| GIVEN MATERIAL |
-=-=-=-=-
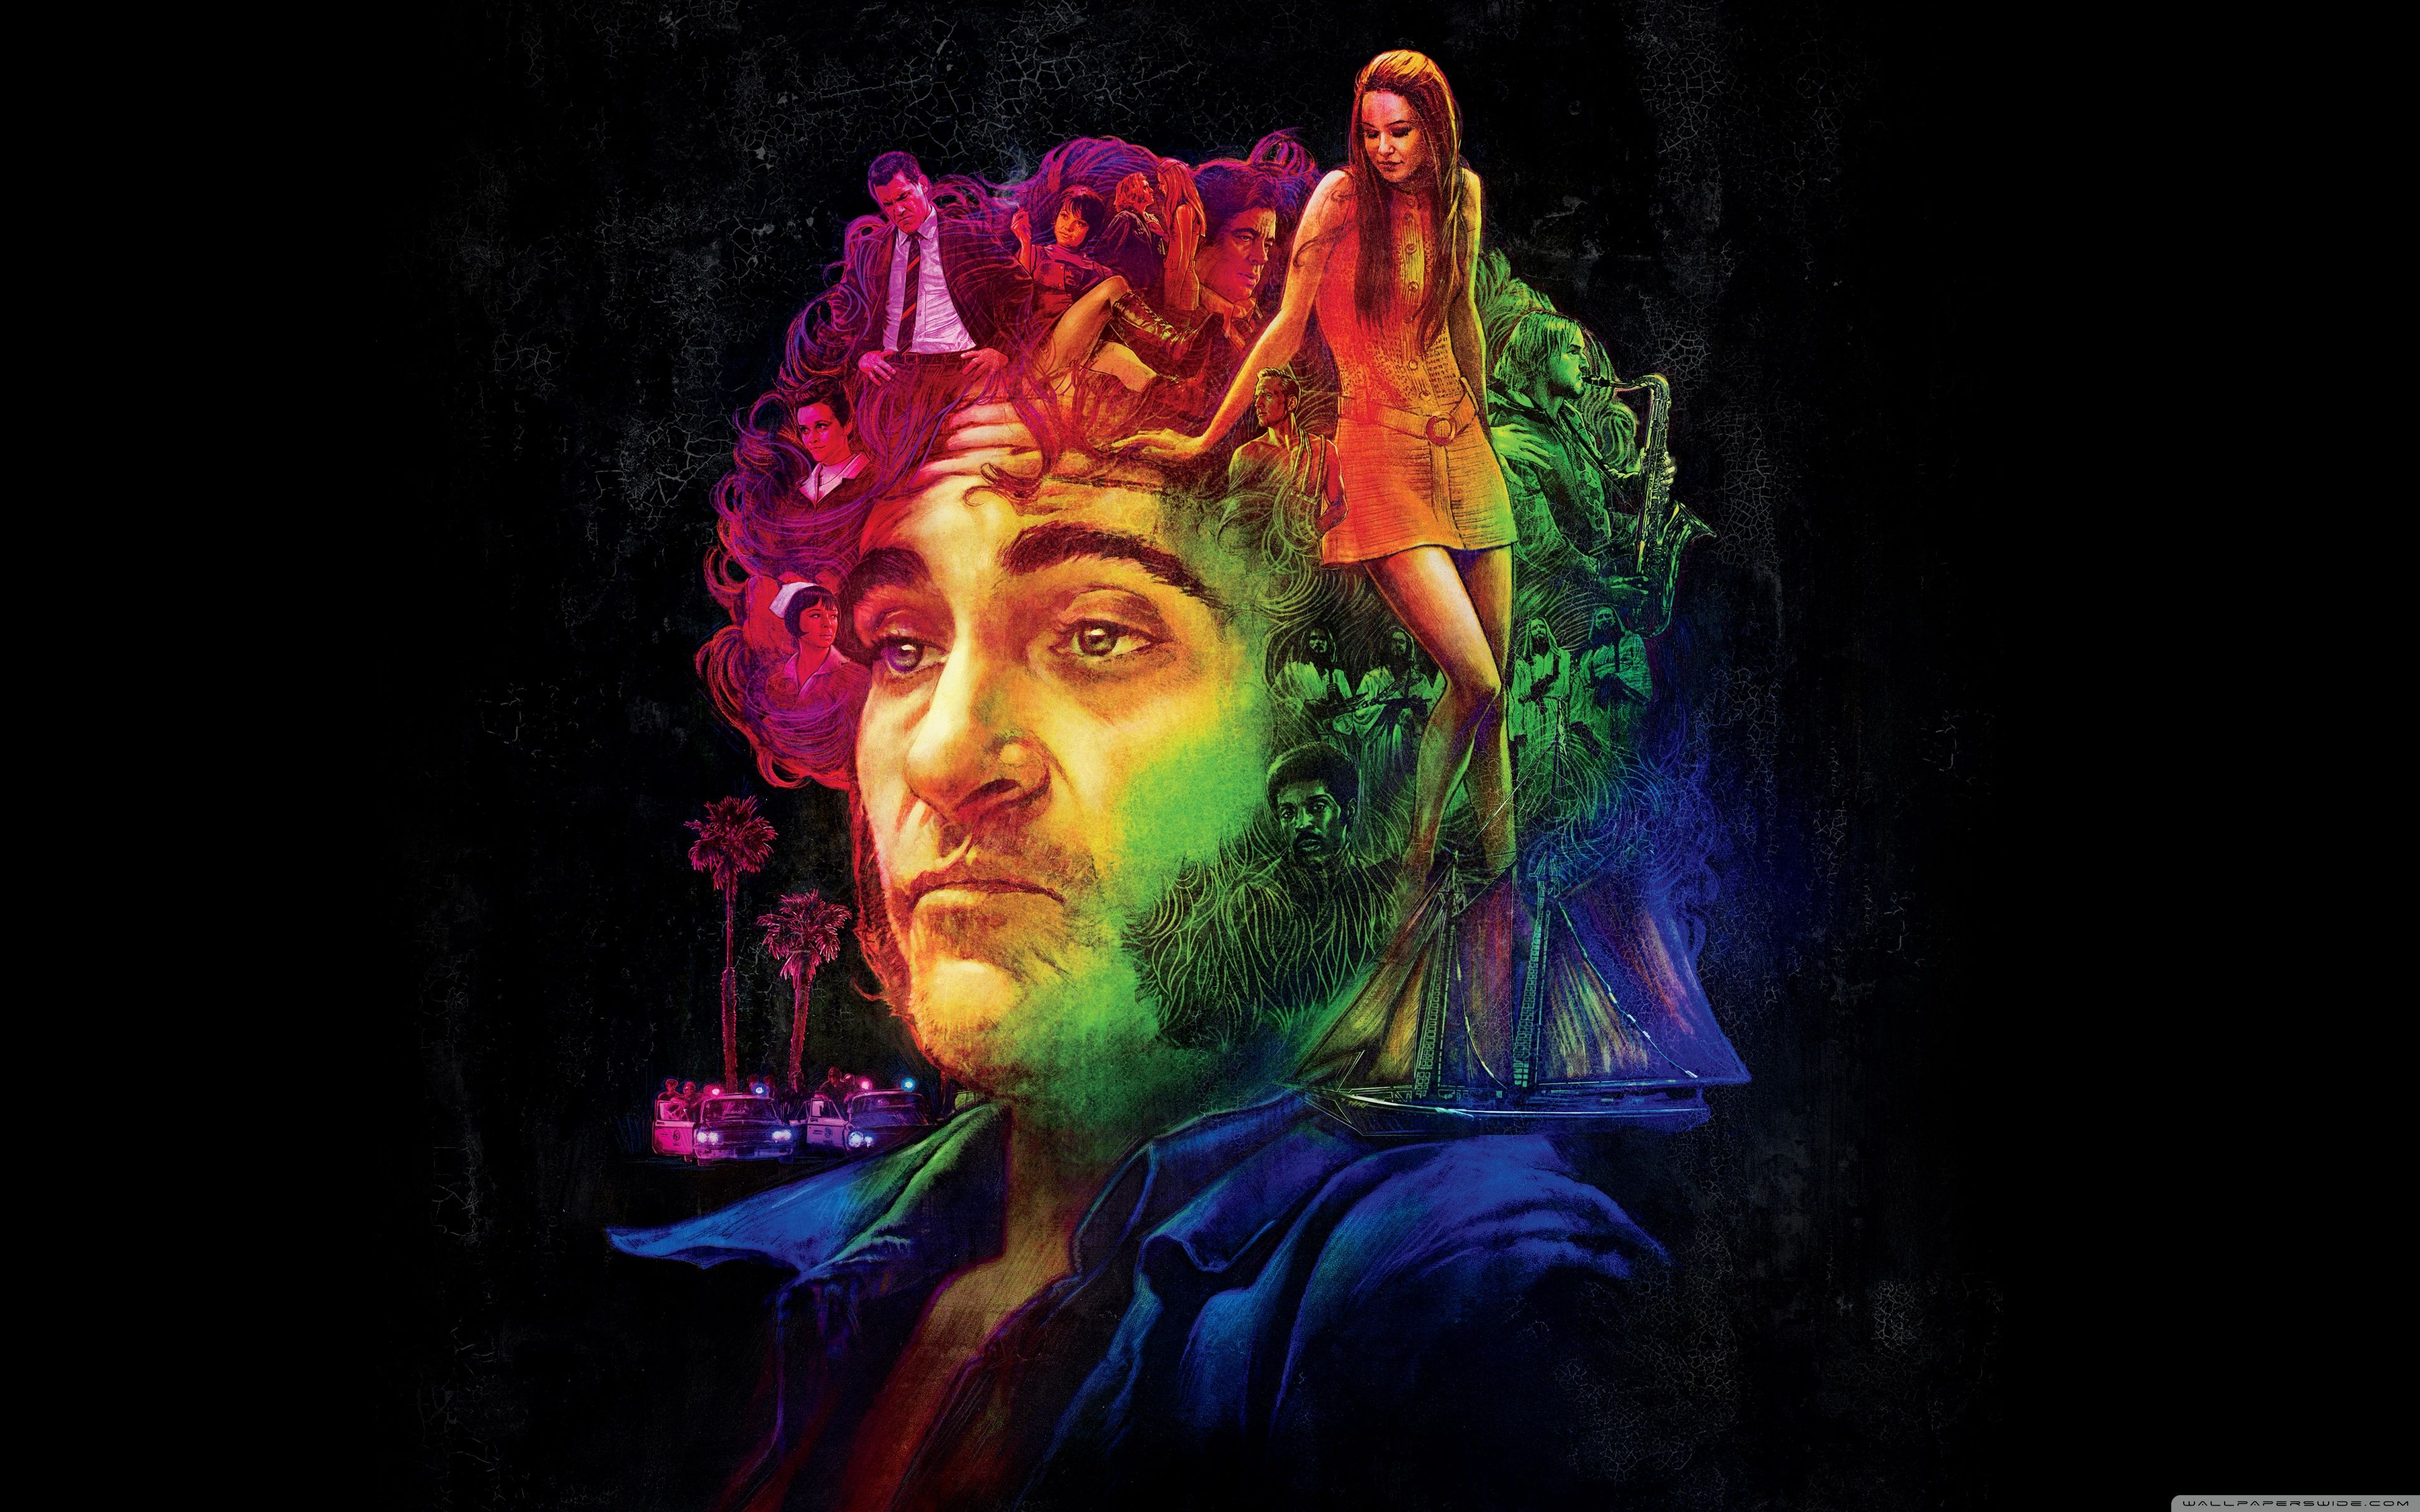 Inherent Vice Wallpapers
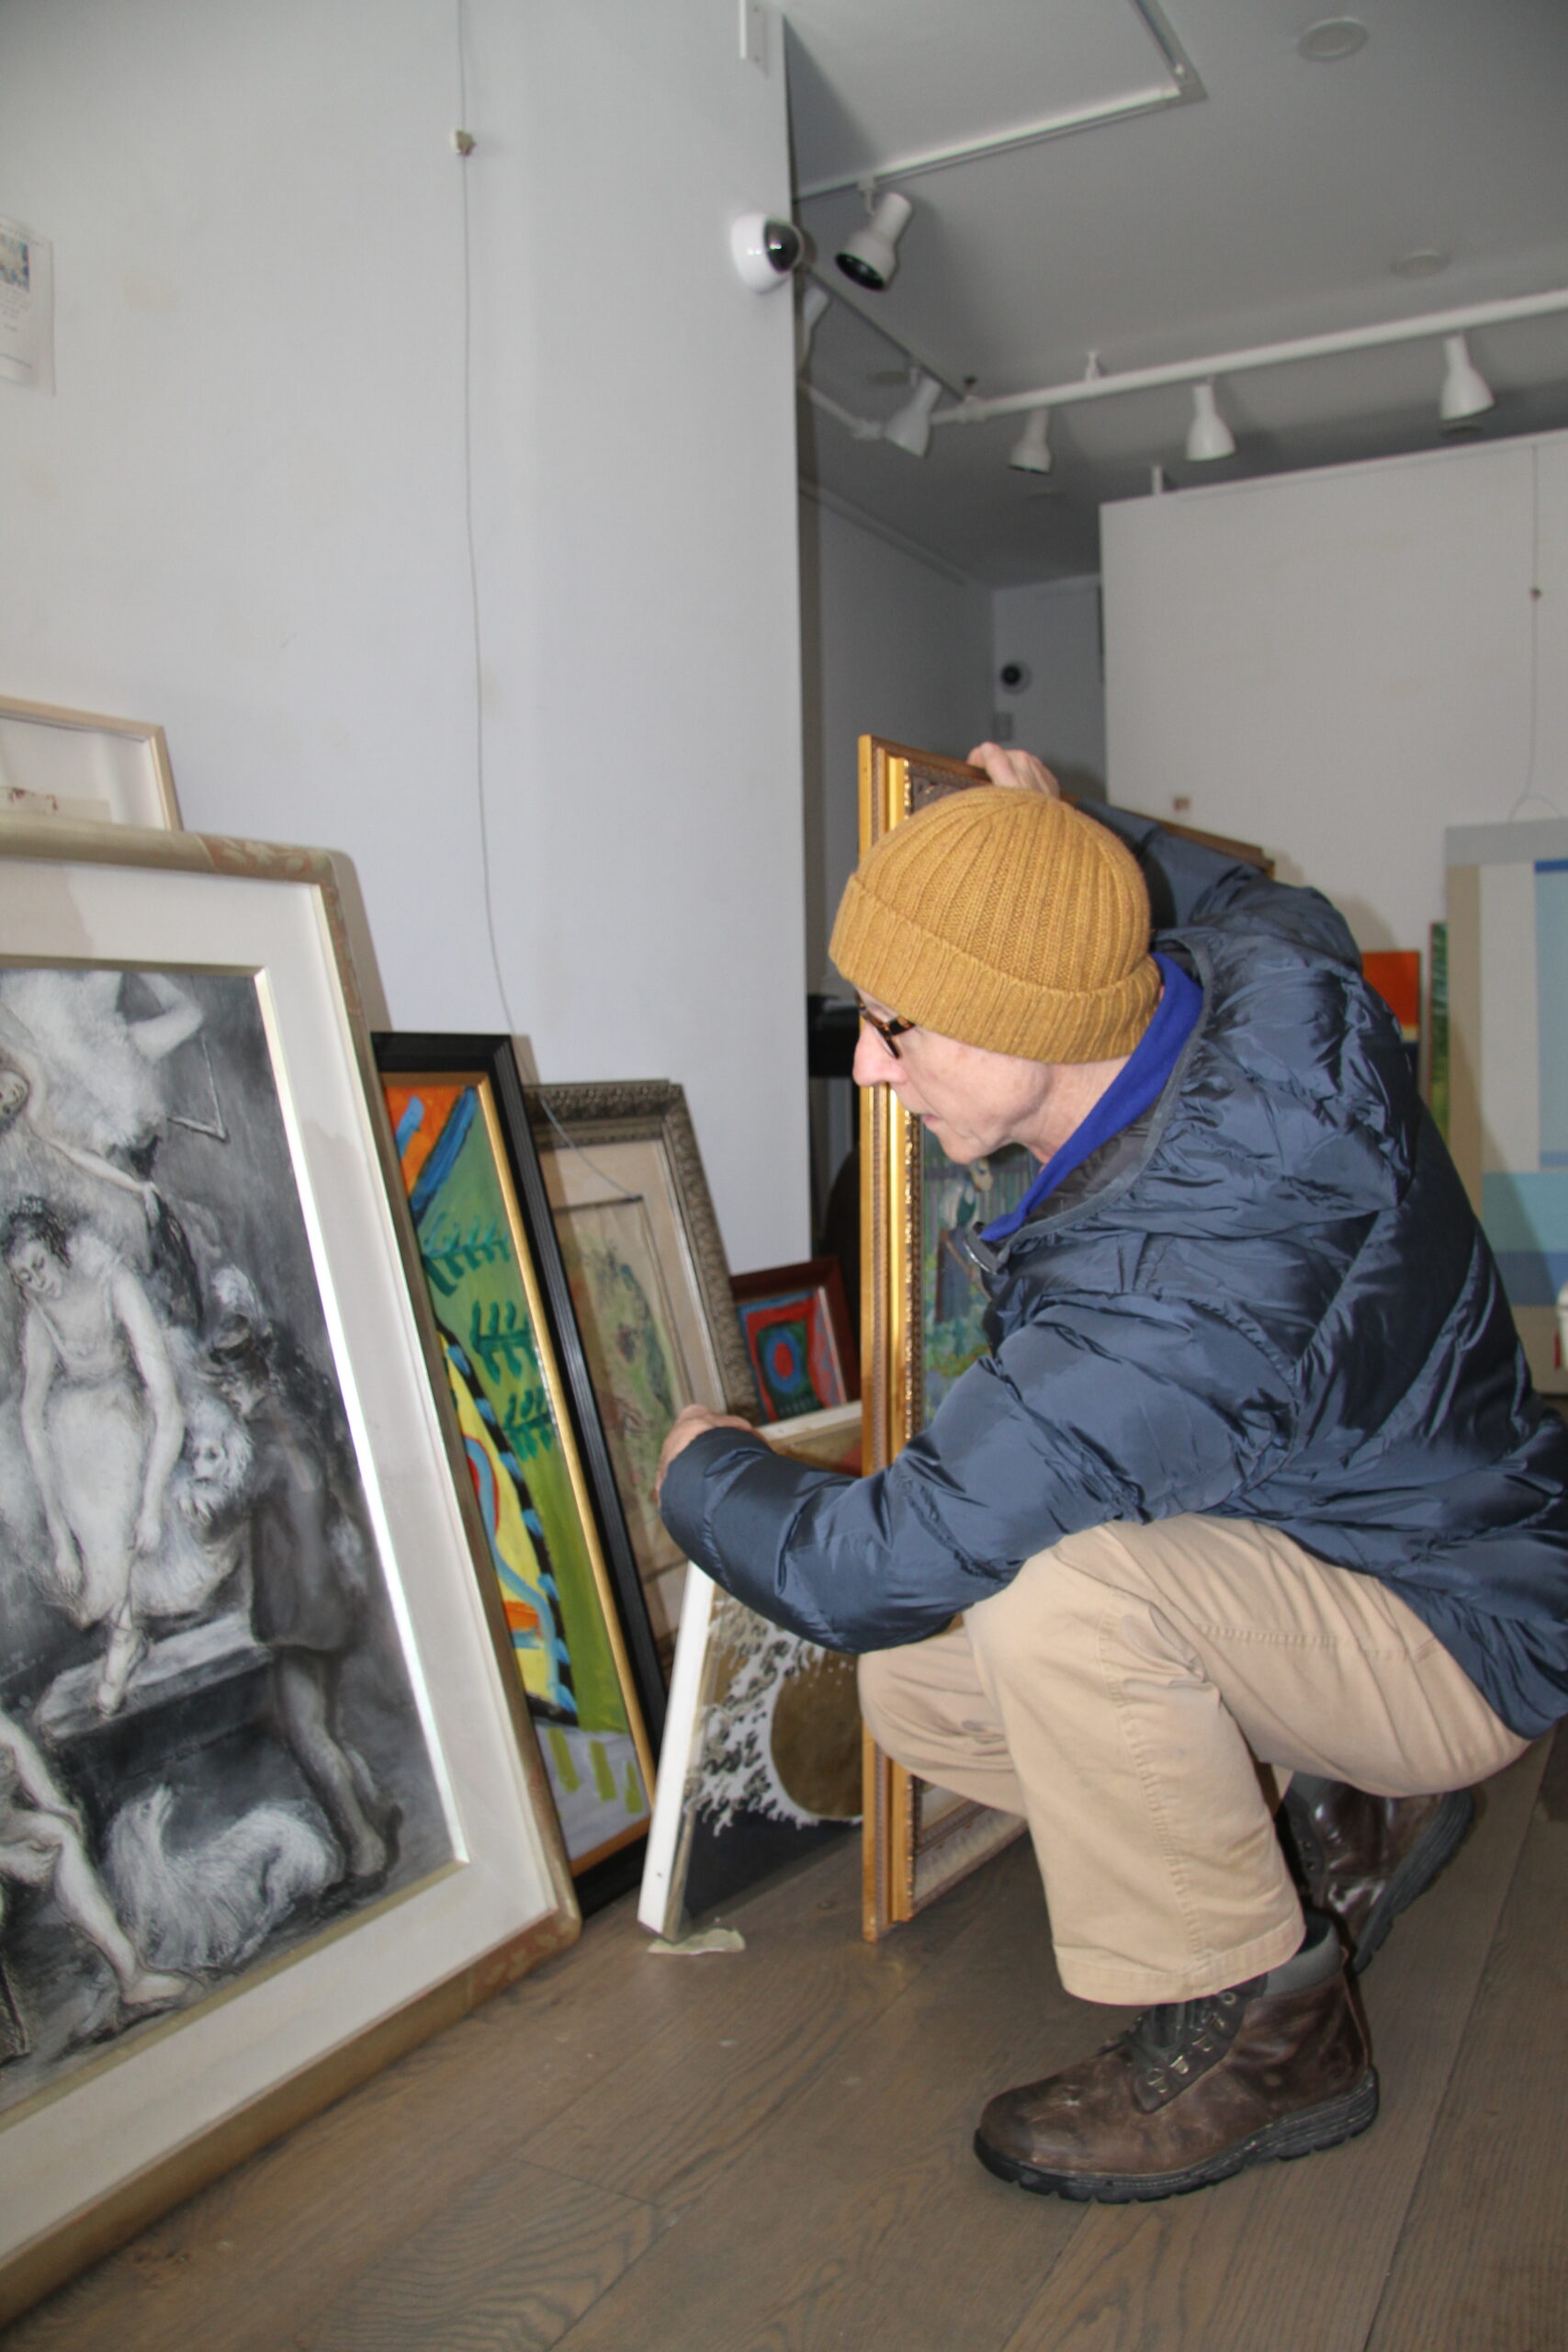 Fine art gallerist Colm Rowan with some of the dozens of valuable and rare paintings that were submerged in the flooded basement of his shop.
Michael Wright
-=-=-=-=-
| WORK ITEM |
Please output the full listing above exactly, minus any pictures.

| ANSWER SPACE |
 Inherent Vice Wallpapers
 Fine art gallerist Colm Rowan with some of the dozens of valuable and rare paintings that were submerged in the flooded basement of his shop.
Michael Wright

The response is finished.